[Opening DATA IN THIS EXERCISE section]

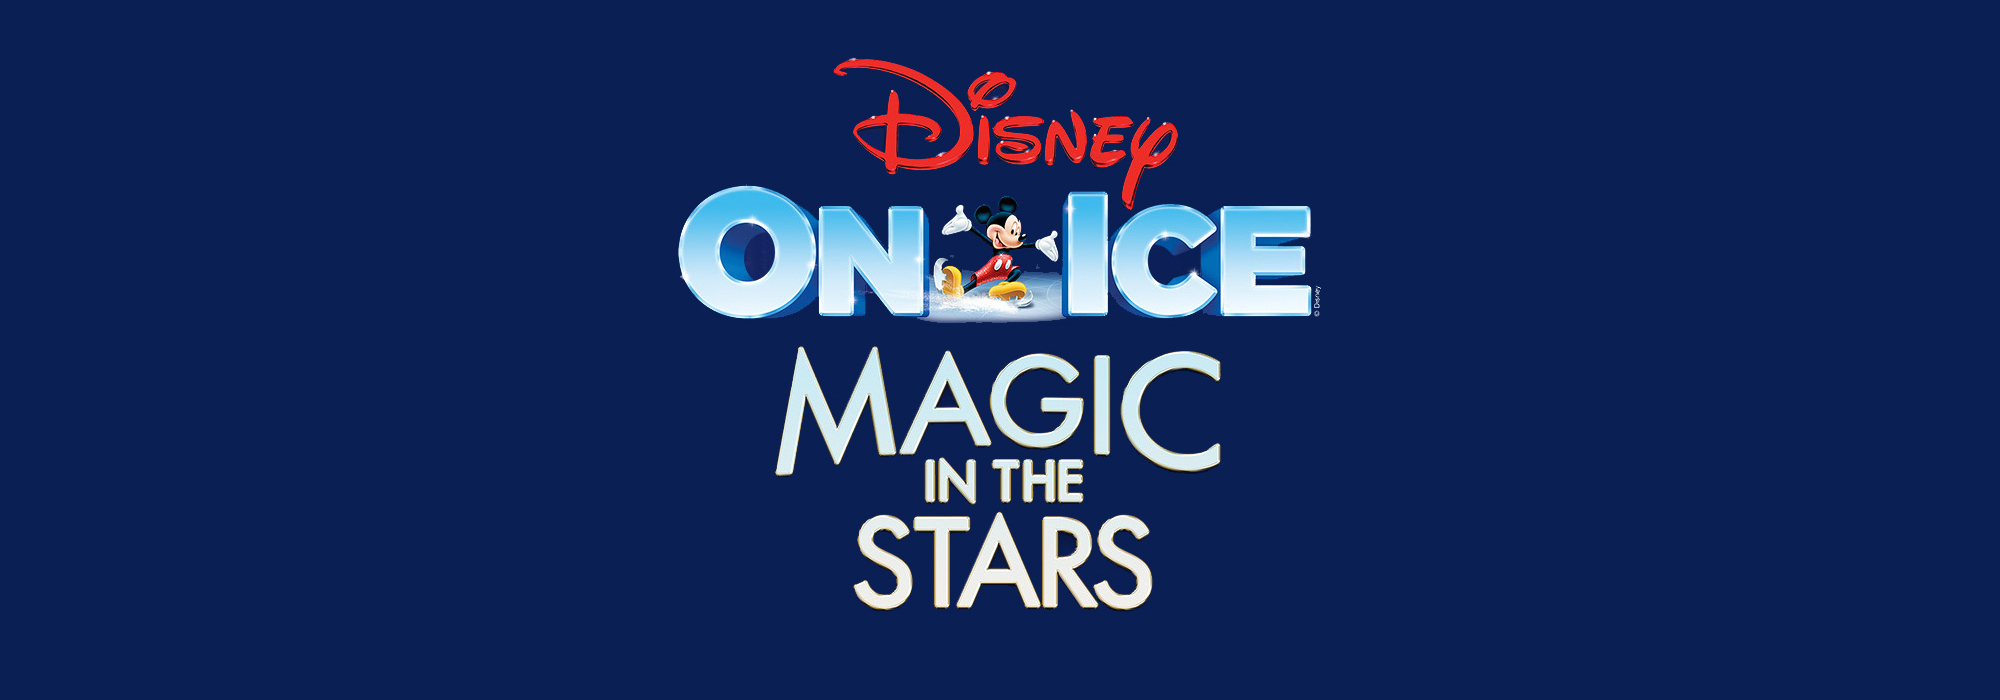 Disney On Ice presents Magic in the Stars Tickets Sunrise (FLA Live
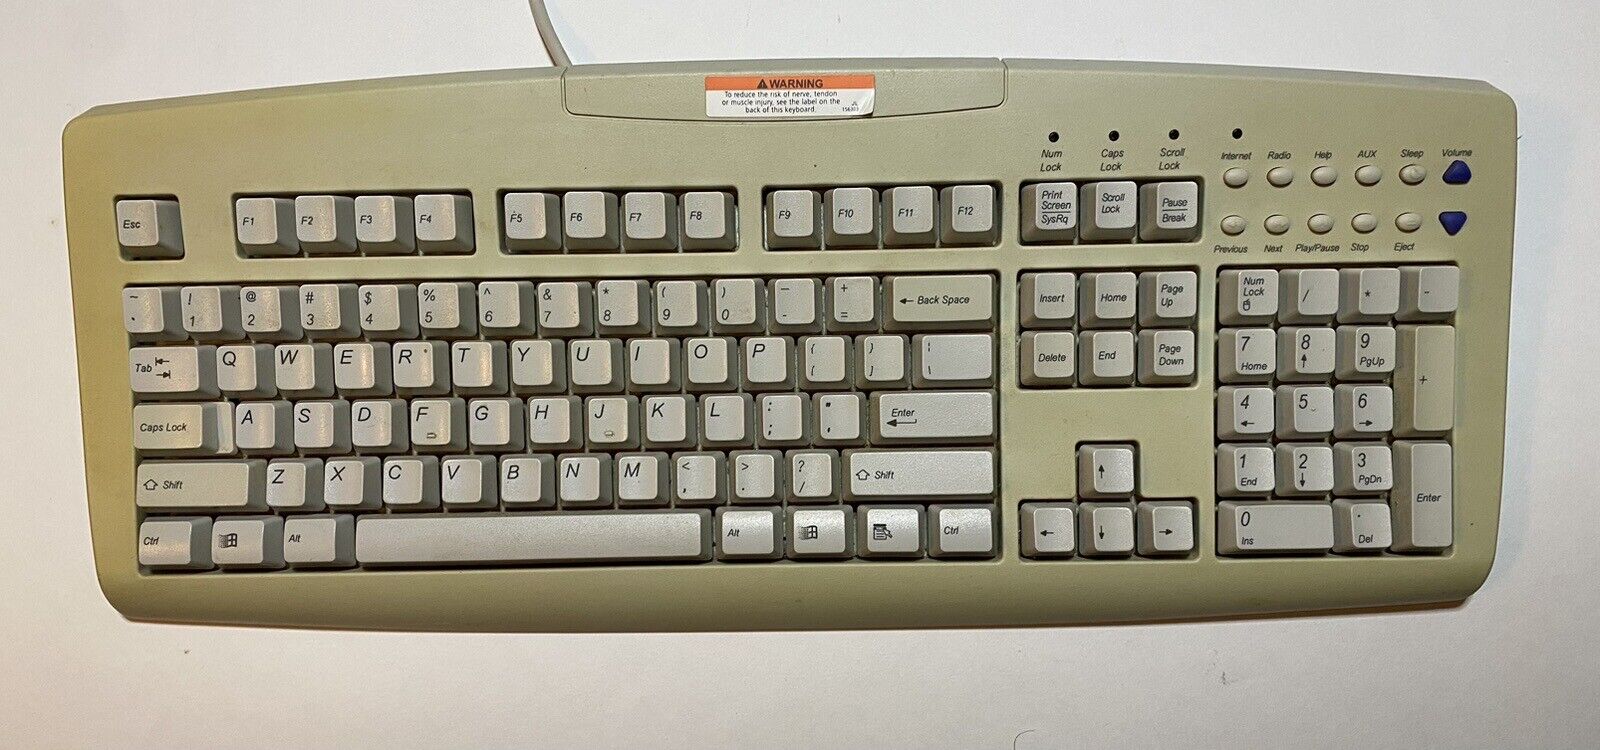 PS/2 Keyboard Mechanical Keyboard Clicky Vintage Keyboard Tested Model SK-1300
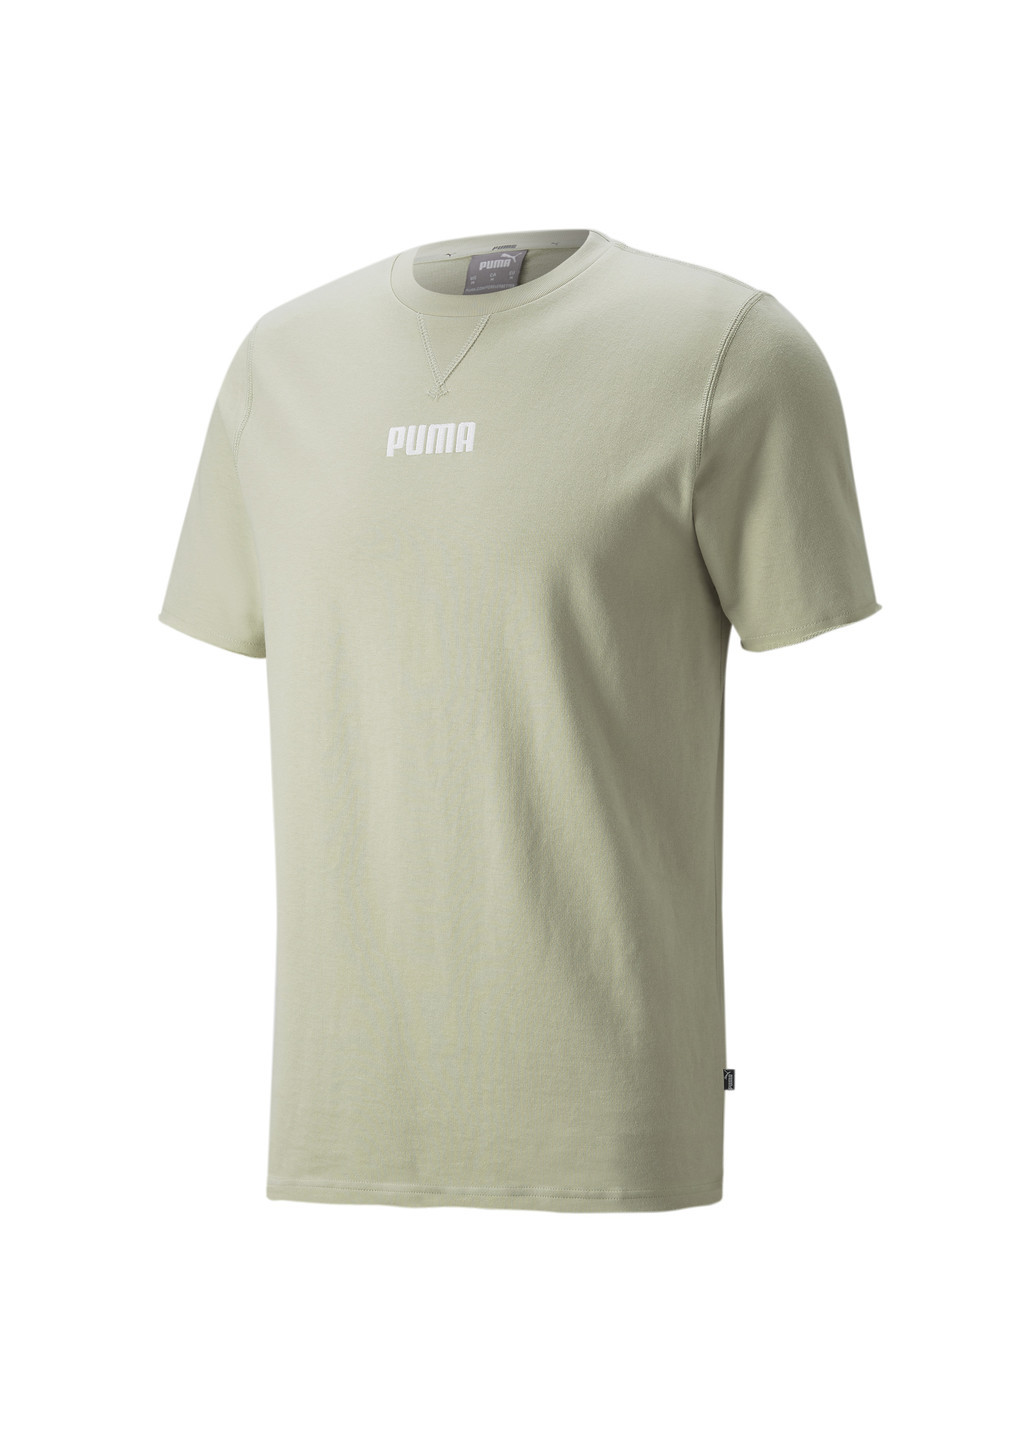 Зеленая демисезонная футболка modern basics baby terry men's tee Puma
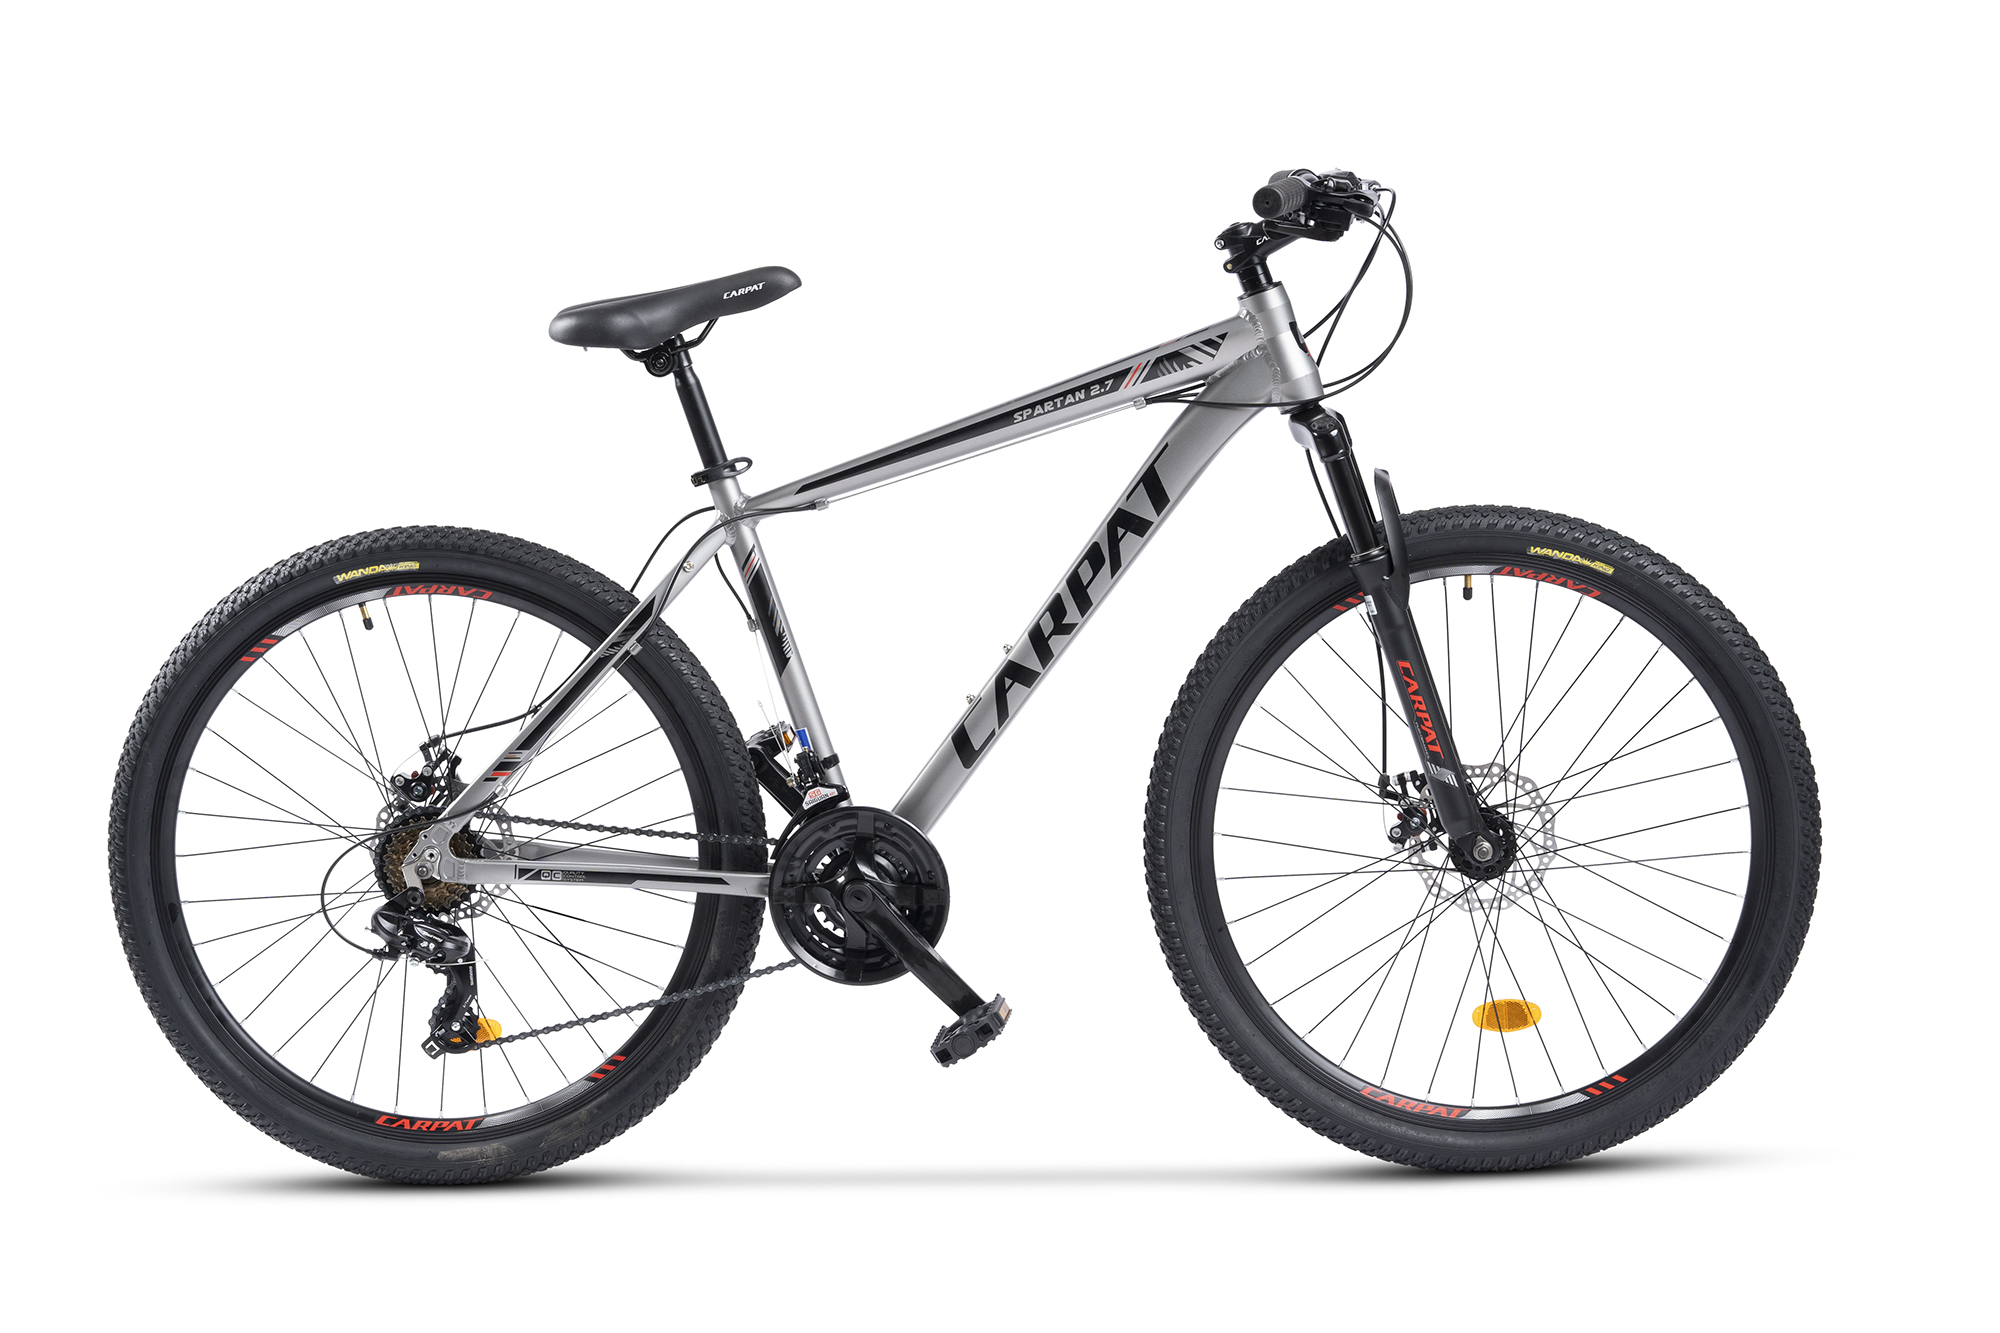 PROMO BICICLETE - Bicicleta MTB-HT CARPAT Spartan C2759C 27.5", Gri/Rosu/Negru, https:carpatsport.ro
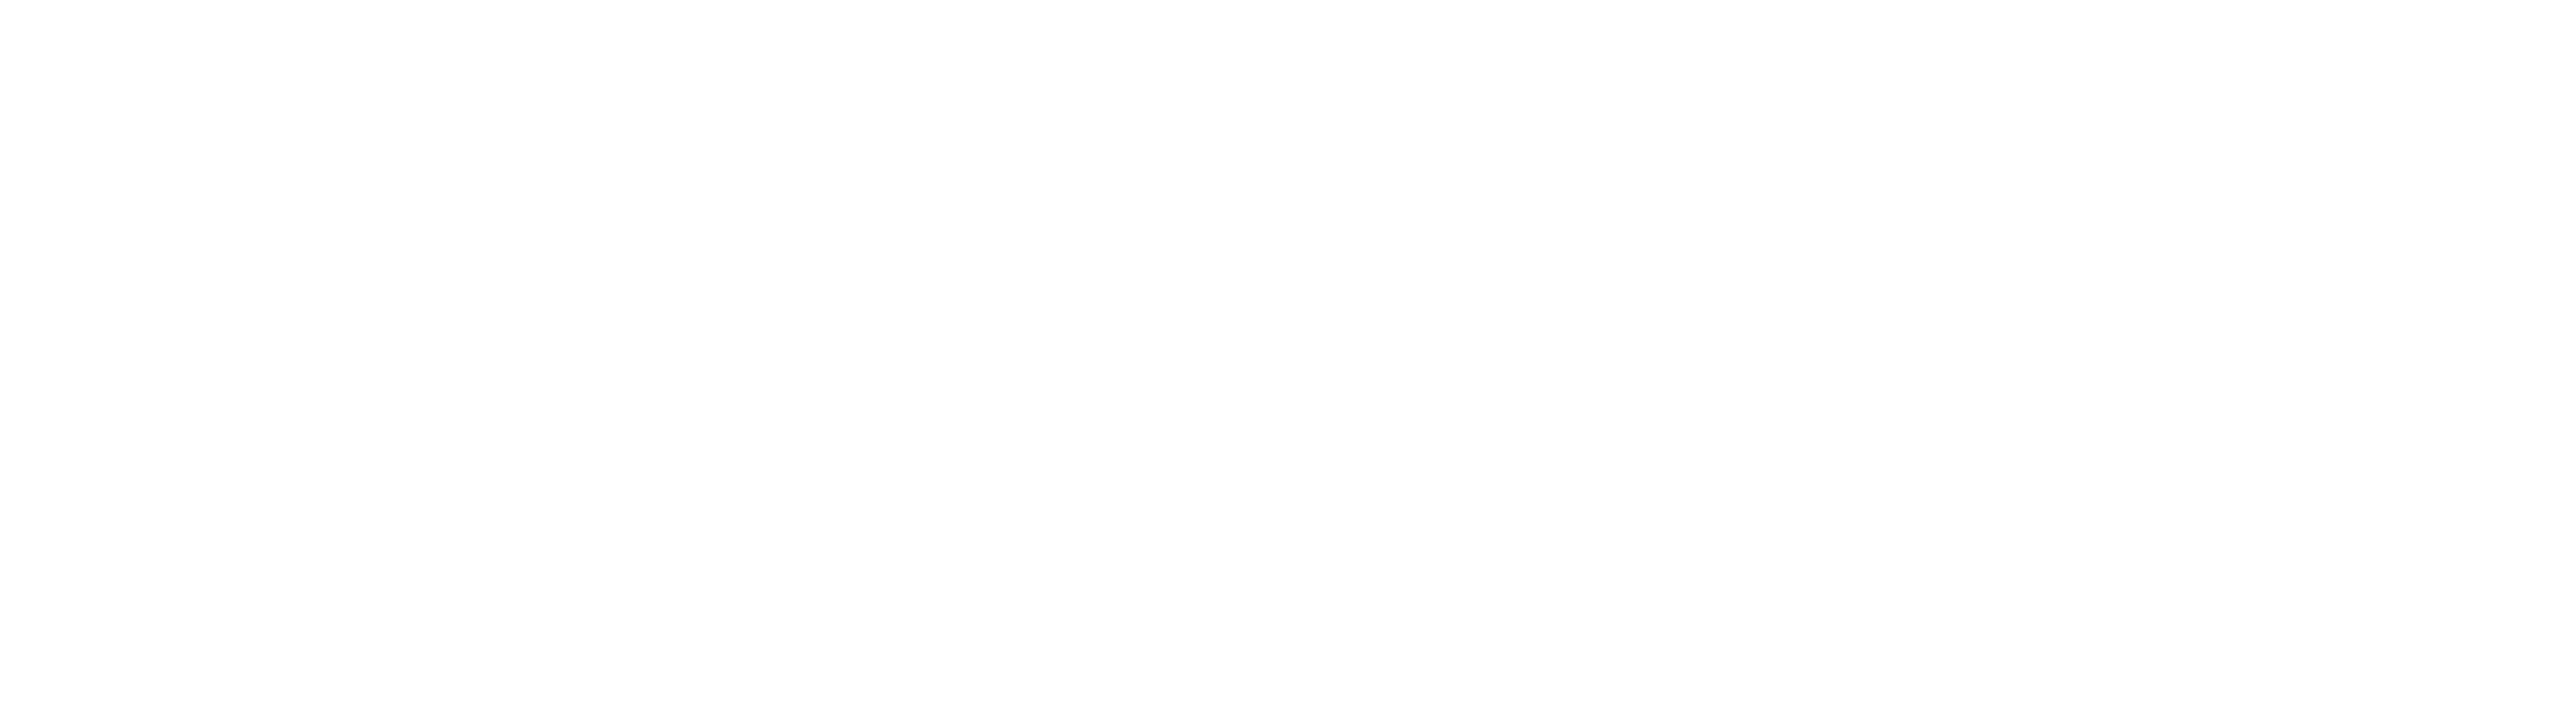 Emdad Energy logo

[Closing DATA IN THIS EXERCISE section]

EXERCISE INSTRUCTIONS: In your copy, include every record word for word but no pictures.

RESULT:
 Disney On Ice presents Magic in the Stars Tickets Sunrise (FLA Live
 PS/2 Keyboard Mechanical Keyboard Clicky Vintage Keyboard Tested Model SK-1300
 Зеленая демисезонная футболка modern basics baby terry men's tee Puma
 PROMO BICICLETE - Bicicleta MTB-HT CARPAT Spartan C2759C 27.5", Gri/Rosu/Negru, https:carpatsport.ro
 Emdad Energy logo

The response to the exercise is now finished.